As she braves a new campus where students hail from more than 145 different countries, Green is ready to examine and reshape Ryerson’s policies.

It’s a need outlined by a 2010 report by the Taskforce on Anti- Racism at Ryerson, which identified cases of both systemic and individual cases of discrimination that have occured at the university. The report also denotes Ryerson as having a “chilly climate” when it comes to dealing with discrimination on campus. That is, many people deny it exists.

Since Ryerson is located in downtown Toronto and considers itself to be both culturally and politically correct, Ryerson Students’ Union (RSU) President Rodney Diverlus believes that racist tendencies are often ignored.

“We deny the fact that racism is very pervasive covertly in everything we do,” he said. “We deny the fact that certain programs, certain textbooks, certain curriculums, have racist undertones. We deny the fact that certain racialized students have to be subjected to racist slurs on campus.”

Diverlus was also the first vice president equity inclusion at the RSU in 2011. “

People get shocked and they assume because we’re all so nice and because it’s such a nice place, that racism doesn’t exist,” said Diverlus.

It’s been a long process of change at Ryerson, and Green is just part of the puzzle, said Diverlus.

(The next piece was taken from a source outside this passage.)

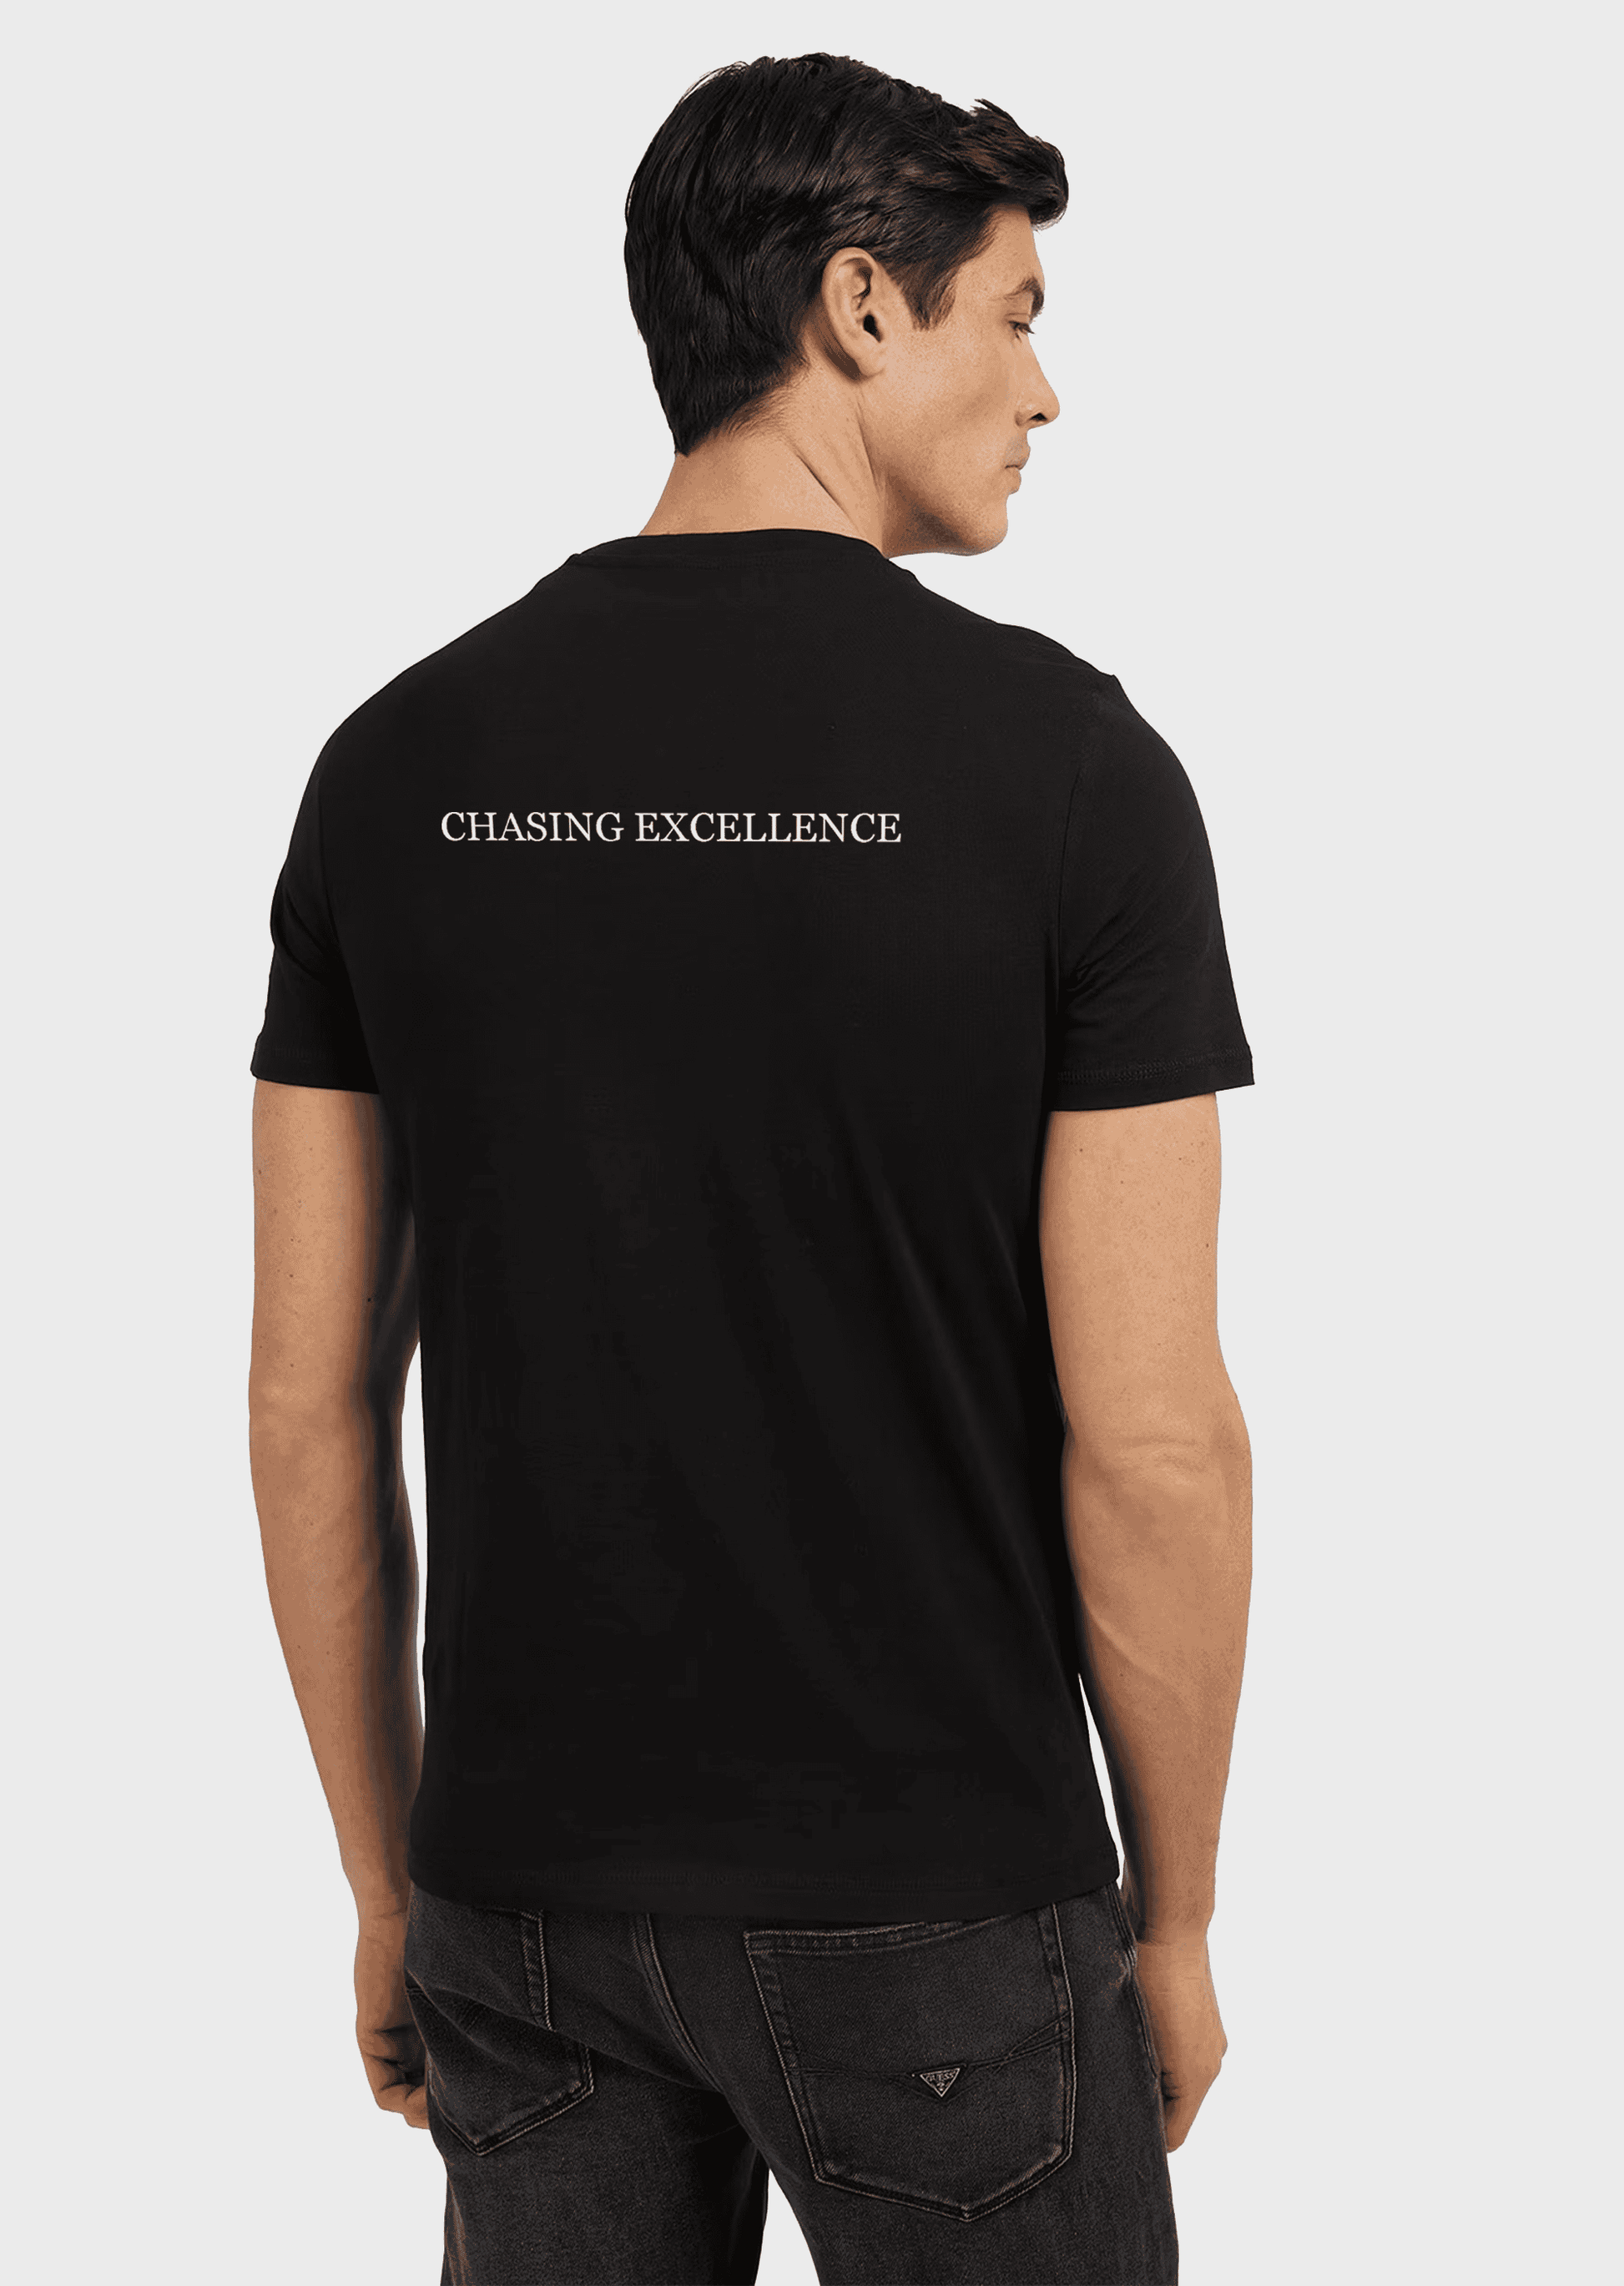 Apparel T-Shirt Store Virtus – The Virtus
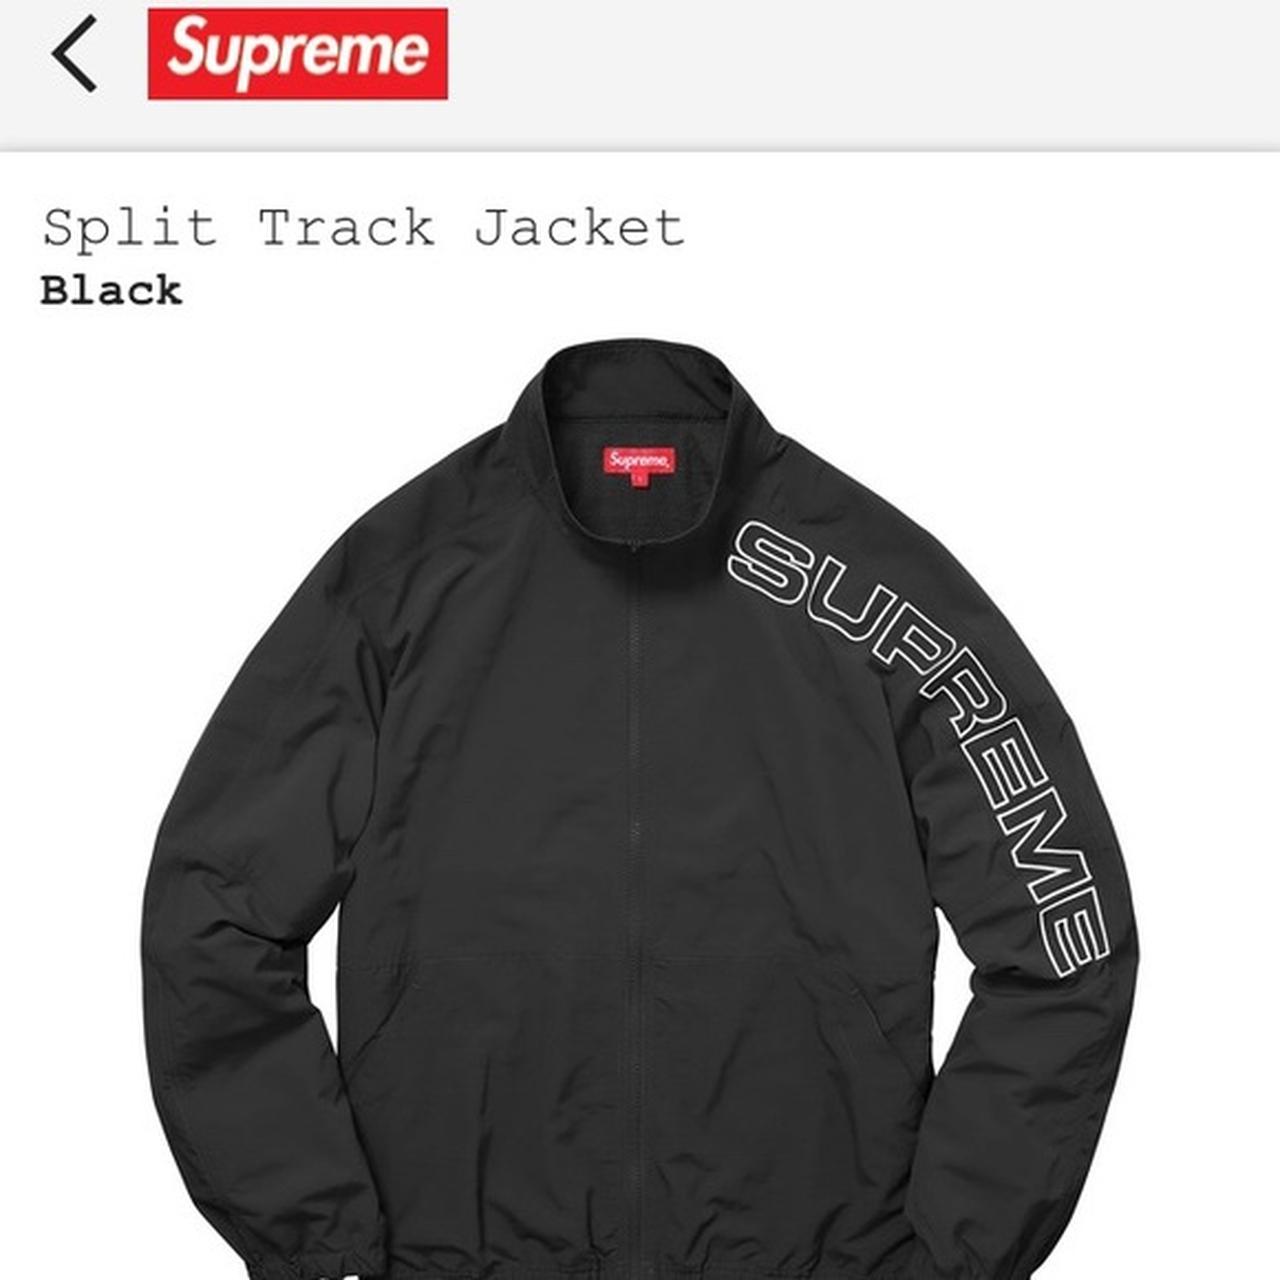 Supreme Split Track Jacket in black. from SS’17....

The creation of a vice president/ vice provost equity, diversity and inclusion position at Ryerson was recommended by the Taskforce on Anti-Racism in their report. The hiring process for Green took eight months, as the hiring committee reviewed applicants from all over North America. Green was the unanimous decision, said co-chair of the committee and vice president administration and finance, Julia Hanigsberg.

“This is the kind of job that deals with sensitive issues and needs diplomacy and good judgment,” said Hanigsberg.

Green, who earns a $196,500 salary, reports to Hanigsberg as well as the vice president academic. Her mandate is broad, and affects both the school’s administration and students.

Green said she was interested in the position because it was in Toronto, one of the most multi-cultural cities in the world.

“The fact that Ryerson is in Toronto, one of the most diverse cities in the world … it made the position very attractive to me,” said Green. “I really hope to enhance the education that goes on here, the training, the program opportunities,” she said. “So that everyone who is a part of the Ryerson community can be included and fully participate in an equitable diverse and inclusive environment.”